Críticas AdoroCinema
3,5
Bom
Redemoinho

Da falta ao “excesso” de subtexto

por Renato Hermsdorff

Quando esteve no Brasil em 2014 – e ministrou uma oficina na TV Globo –, o norte-americano Robert Mckee, teórico do roteiro (o formato hollywoodiano, diga-se), disse que faltava “subtexto” nas séries brasileiras. “No Brasil (...), eles fazem os personagens explicarem os sentimentos e as ações. A inteligência do público é subestimada. Os roteiristas acham que, se não fizerem isso, as pessoas não irão entender. Quando confiarem no telespectador, a qualidade vai melhorar”, declarou à época em entrevista ao jornal Folha de São Paulo.

O estudioso chegou à conclusão justo depois de assistir a uma das mais elogiadas produções da emissora daquele ano, O Canto da Sereia, do diretor do hit Avenida Brasil, José Luiz Villamarim, com roteiro de, entre outros, George Moura. Nos anos seguintes, a parceria Villamarim-Moura viria a se repetir em O Rebu e Amores Roubados, por exemplo, todas séries/ minisséries reconhecidas pela qualidade técnica e domínio estético claramente superiores às outras produções da Globo, mas cujas tramas não escaparam às críticas negativas exatamente pela falta de subtexto.

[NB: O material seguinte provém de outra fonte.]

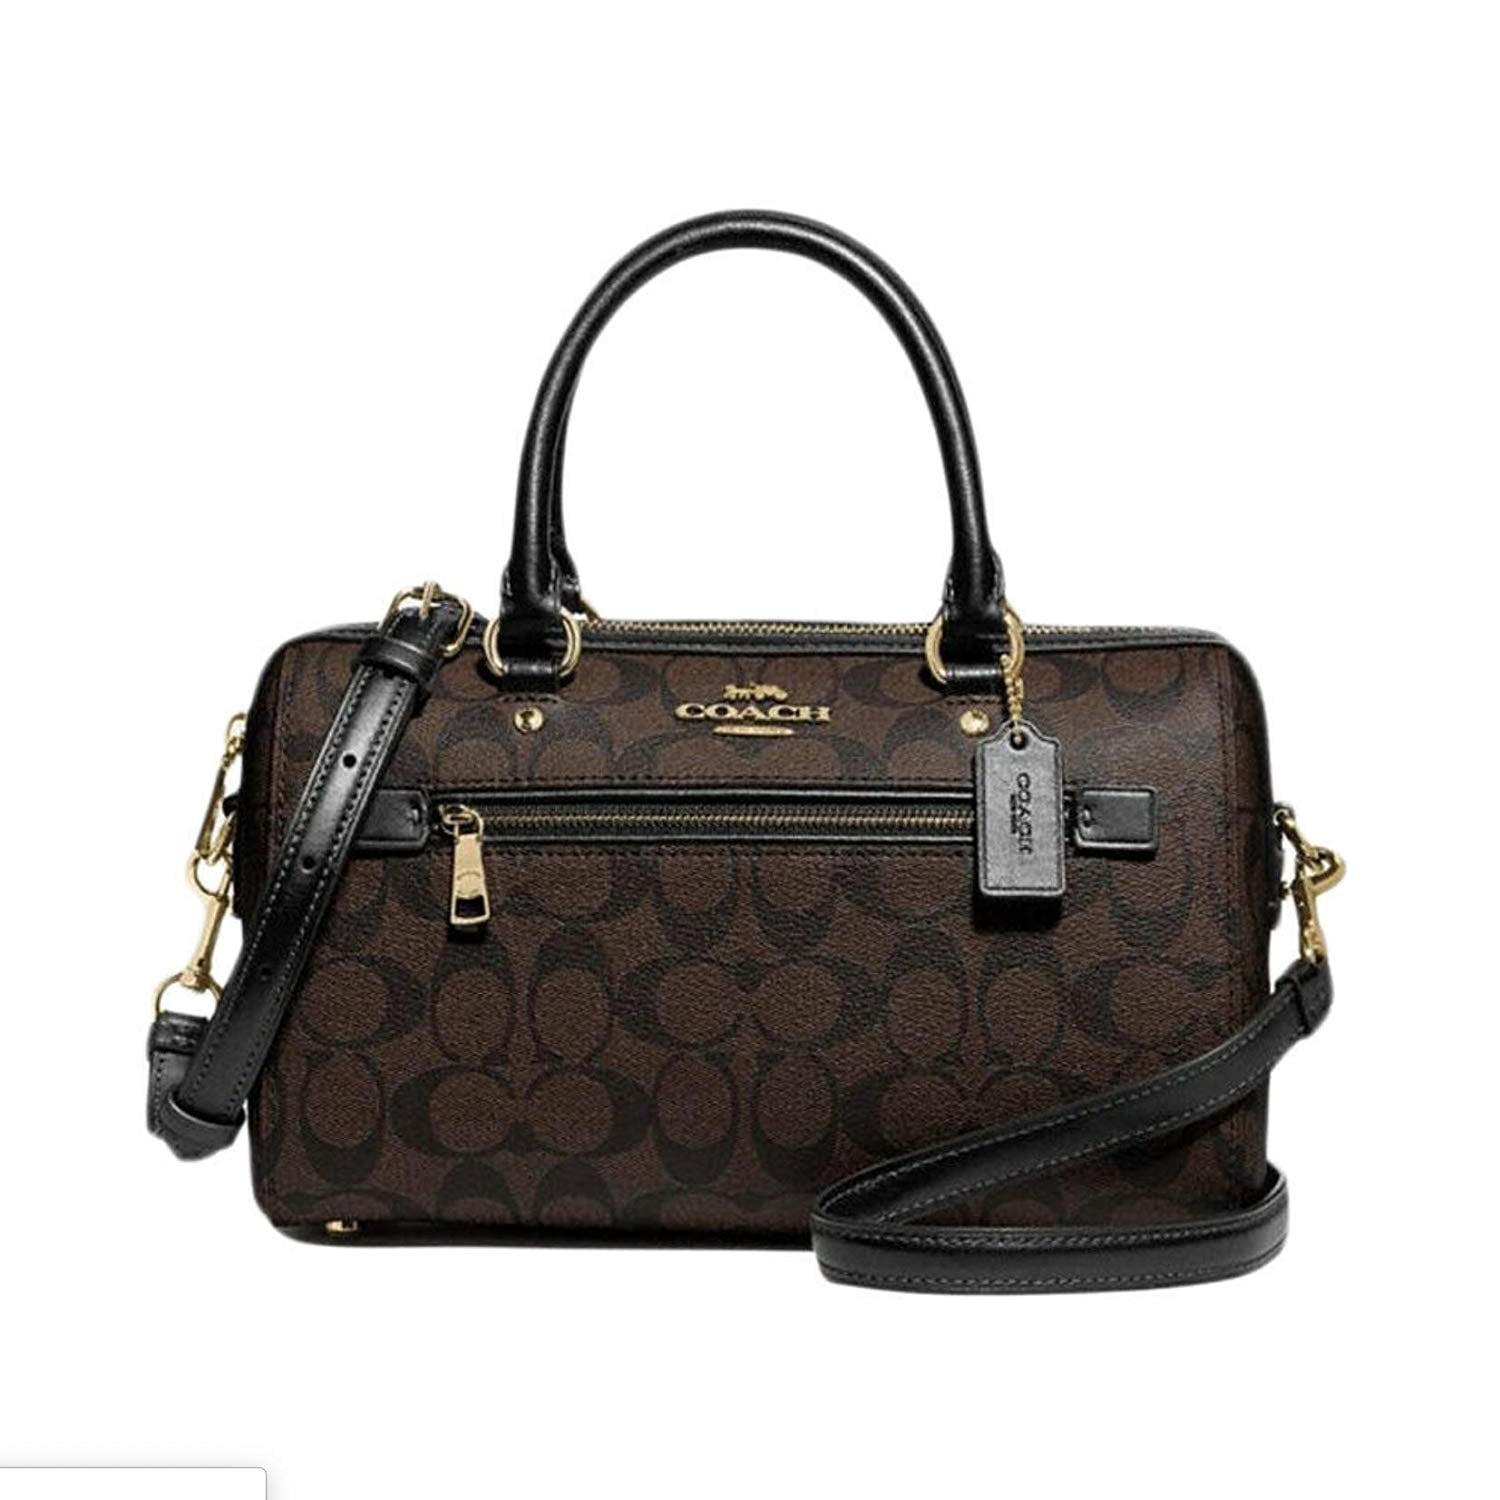 Buy Coach Signature Mini Sierra Satchel Purse (Im/Brown/Black) Online at  Lowest Price Ever in India | Check Reviews & Ratings - Shop The World

Mas cinema é outra história. Dadas as convenções (e concessões) inerentes ao universo da TV (sobretudo em se tratando de uma emissora aberta, líder de audiência), na migração para a tela grande, Villamarim e cia., a despeito da expectativa que transição já despertava, tinham toda a possibilidade de arriscar mais. E foi exatamente o que fizeram. Pelo menos (e ainda mais), do ponto de vista da imagem. O resultado é Redemoinho, longa mais poético (e "bem filmado") da cinematografia brasileira desde Lavoura Arcaica (este, coincidentemente, realizado por outro Luiz, também vindo da TV, o Fernando Carvalho). 

Baseado no livro “O Mundo Inimigo – Inferno Provisório Vol. II”, do escritor Luiz Ruffato – do qual pede muitas “licenças” –, o filme se passa na cidade mineira de Cataguases, onde dois amigos de infância se encontram numa véspera de Natal, depois de longos anos afastados, para pôr a prosa em dia. Regada a muito álcool, a reunião de Gildo (Júlio Andrade, provocador), que “enricou” em SP, e Luzimar (um Irandhir Santos... apático), que ficou “pra trás” e se casou com uma ex-prostituta (papel de Dira Paes), começa amistosa, mas cresce em intensidade, assombrada por uma tragédia que une o passado dos dois.

Nem Júlio; nem Irandhir. O protagonista de Redemoinho é, como já indicado, a imagem. (Mais uma vez) Em parceria com o cultuado fotógrafo Walter Carvalho (aliás, o mesmo de Lavoura), o que os realizadores entregam é um produto de um deleite visual acachapante. Entre o lirismo de uma cena em que a câmera lenta acompanha jovens pernas de garotos jogando futebol à tensão de observar um ataque pela janela de uma casa de um ponto de vista que coloca o expectador do outro lado da linha de trem, o enquadramento nada óbvio da câmera de Carvalho resulta em belíssimos planos que ratificam Villamarim como um esteta da imagem.

Contribui (e muito) para a narrativa o som ora explosivo – de um ambiente (ele mesmo personagem) que engloba uma fábrica de tecelagem (onde Luzimar trabalha) e a tal linha de trem que tangencia as habitações da população local –; ora silencioso (a ausência de som, nem mesmo há trilha incidental), que permite ao espectador a chance do respiro que o melodrama nem sempre oferece.

Com tamanho investimento na imagem, no entanto, é uma pena que o enredo desemboque em um texto tão lento e desinteressante em comparação. Vazio, pontuado de silêncios, é tão difícil se envolver com os conflitos dos protagonistas, que a sensação que fica é a de que tanto faz onde essa história vai parar. Não à toa, o filme termina em um anticlímax que não leva a lugar nenhum. Se a falta de subtexto assombrou a dupla Villamarim-Moura na TV, é o “excesso” o pecado nessa estreia no cinema, hermética.

Filme visto durante a cobertura do Festival do Rio, em outubro de 2016.